Recyclage des déchets du BTP : « la situation évolue », Philippe Maillard
En quoi consiste concrètement l'activité « recyclage et valorisation » ?
Philippe Maillard : Il s'agit de quelque chose qui existe depuis une dizaine d'années et qui s'appuie sur l'idée de transformer les déchets en ressources, avec deux idées derrière : le fait que les matières premières ne sont pas infinies d'une part, et d'autre part, la préoccupation environnementale. Dans certains domaines, cette démarche existe depuis très longtemps. Le secteur du bâtiment, sur cette thématique, est en pleine évolution. On voit aujourd'hui se développer toute cette notion de recyclage, qui était peu présente jusqu'à maintenant.
Comment cette prise de conscience sa manifeste-t-elle ?
P. M. : Cela a évidemment été cristallisé par la loi de transition énergétique, qui a fixé le seuil de 70% de recyclabilité des déchets du bâtiment. De nombreuses initiatives sont lancées, notamment autour d'une gestion plus ''vertueuse'' des chantiers. Par exemple, pour des chantiers de démolition, plutôt que de tout mettre dans la même benne, il est possible de faire du tri sélectif directement sur place. Cela paraît simple, mais il faut être capable de former les chefs de chantier et les ouvriers. Il y a tout un enjeu autour du ''bon tri'' sur place, le fait de mettre le bon type de déchet dans la bonne benne.Comment accompagnez-vous les professionnels du BTP ?
P. M. : Depuis un à deux ans, nous proposons des services pouvant être déployés à l'échelle nationale de façon homogène. Nous développons des offres de chantier vert, où on va jusqu'à vendre les services d'un expert en permanence sur le chantier, qui guide et oriente les ouvriers. Nous sommes en train de démontrer la valeur économique de cette pratique, et nous commençons à avoir quelques références dans le Sud-Ouest où la facture globale est moindre. Nous pouvons également aller jusqu'à proposer les services d'un agent de tri, et là encore, c'est une tendance qui se développe.Comment s'organise la gestion des déchets ?

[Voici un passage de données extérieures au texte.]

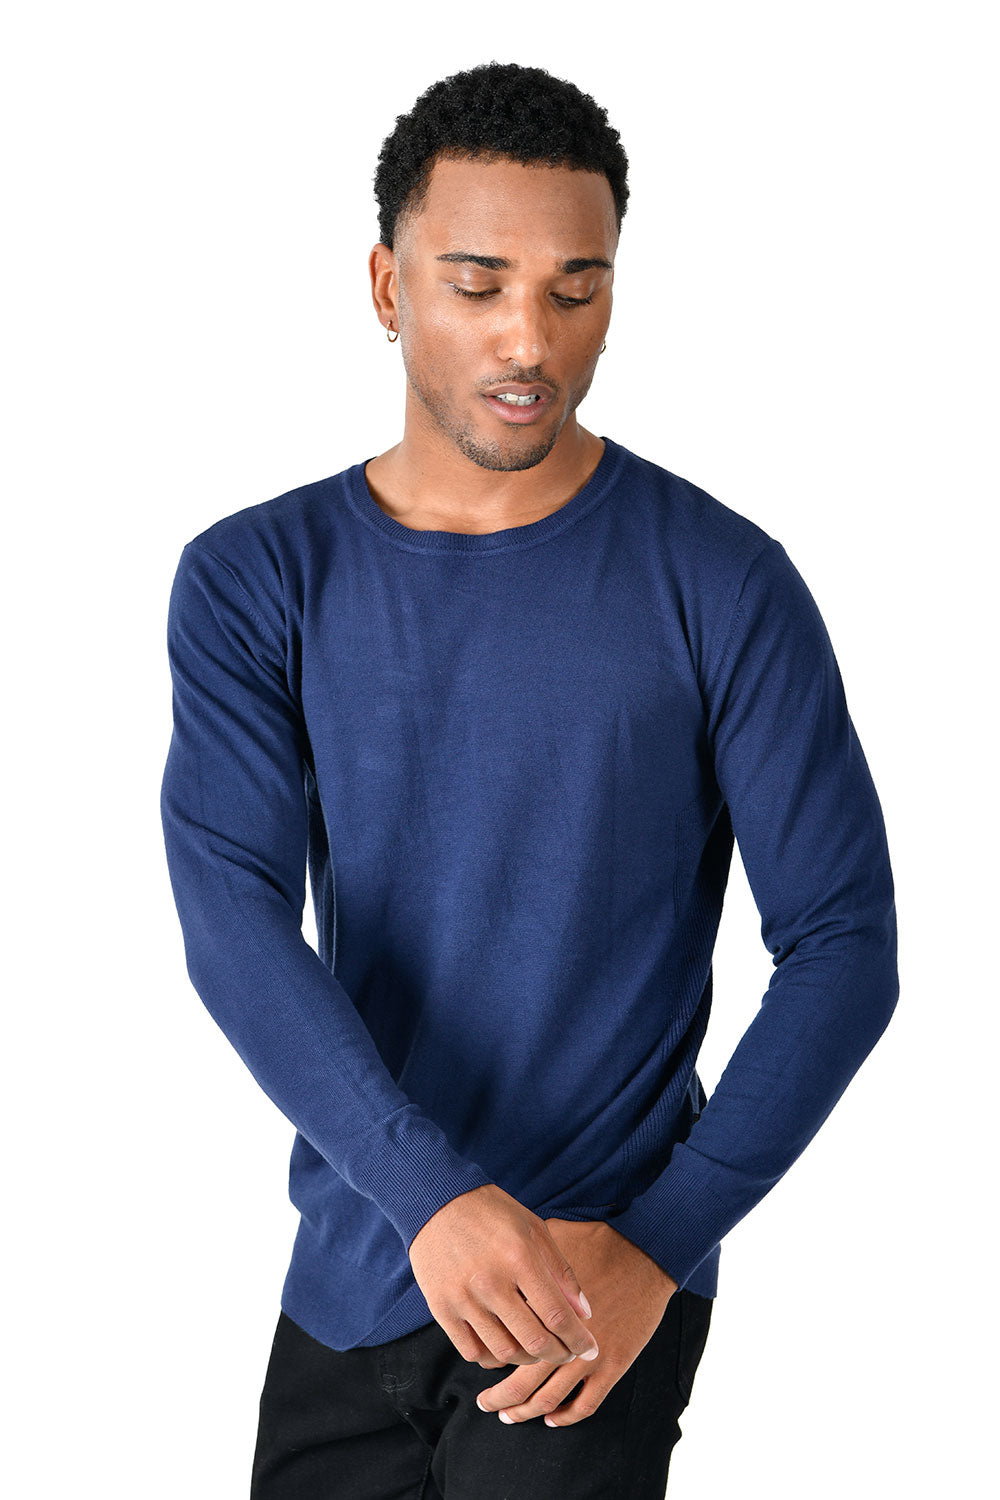 BARABAS Men's Crew Neck Ribbed Solid Color Basic Sweater LS2101 Navy

P. M. : Nous essayons de les collecter directement sur chantier, et nous en assurons la traçabilité et le reporting pour le chef de chantier afin de l'informer sur les quantités récupérées, celles qui ont été revalorisées et les lieux où les matériaux ont été utilisés. Cet enjeu de transparence est extrêmement important. Selon les flux, nous sommes capables de revaloriser les déchets nous-mêmes ou de les apporter à des filières. Nous commençons également à avoir quelques initiatives de tests de déconstruction sélective, ce qui implique la récupération de certaines pièces (poignées de portes, fenêtres, etc.) avant démolition en vue de les réutiliser. C'est une démarche que nous menons actuellement sur un chantier-test du côté de Bagneux avec Bouygues.D'après vous, pourquoi les entreprises du BTP ne s'impliquent pas davantage dans le recyclage* ?
P. M. : Elles n'y voient pas l'intérêt économique. Pourtant, la situation évolue. Les coûts des filières augmentent légèrement, de plus en plus de grands acteurs développent une conscience environnementale, la réglementation évolue, les maîtres d'ouvrage demandent la mise en place de chantiers exemplaires... Cela explique cette convergence qui s'accélère considérablement.
Quelles sont vos ambitions pour l'avenir ?
P. M. : Aujourd'hui nos réflexions sont plus tournées vers le fait d'adresser tous les enjeux du marché du bâtiment. Je vois que beaucoup d'initiatives sont lancées, de nombreux professionnels se préoccupent du recyclage des déchets. Il y a une opportunité pour nous d'apporter des solutions concrètes. Nous avons notamment mis en place une application, Va Bene, grâce à laquelle les chefs de chantier peuvent commander des bennes ou demander à ce que l'on vienne les récupérer. Ce dispositif est d'ailleurs en test sur un chantier près de Dijon. En janvier dernier, nous avons également lancé Batireprise pour les distributeurs de matériaux, qui s'inscrit dans l'obligation pour ces derniers de proposer une solution de reprise pour les déchets de leurs clients. Cette offre les accompagne pour les aider à gérer cette nouvelle réglementation. Tout cela avec pour objectif de contribuer à l'atteinte du taux de 70% de valorisation des déchets du BTP fixé par la législation.*En 2016, l'Ademe estimait à 50% la part de déchets non dangereux du BTP qui n'étaient pas triés sur le chantier.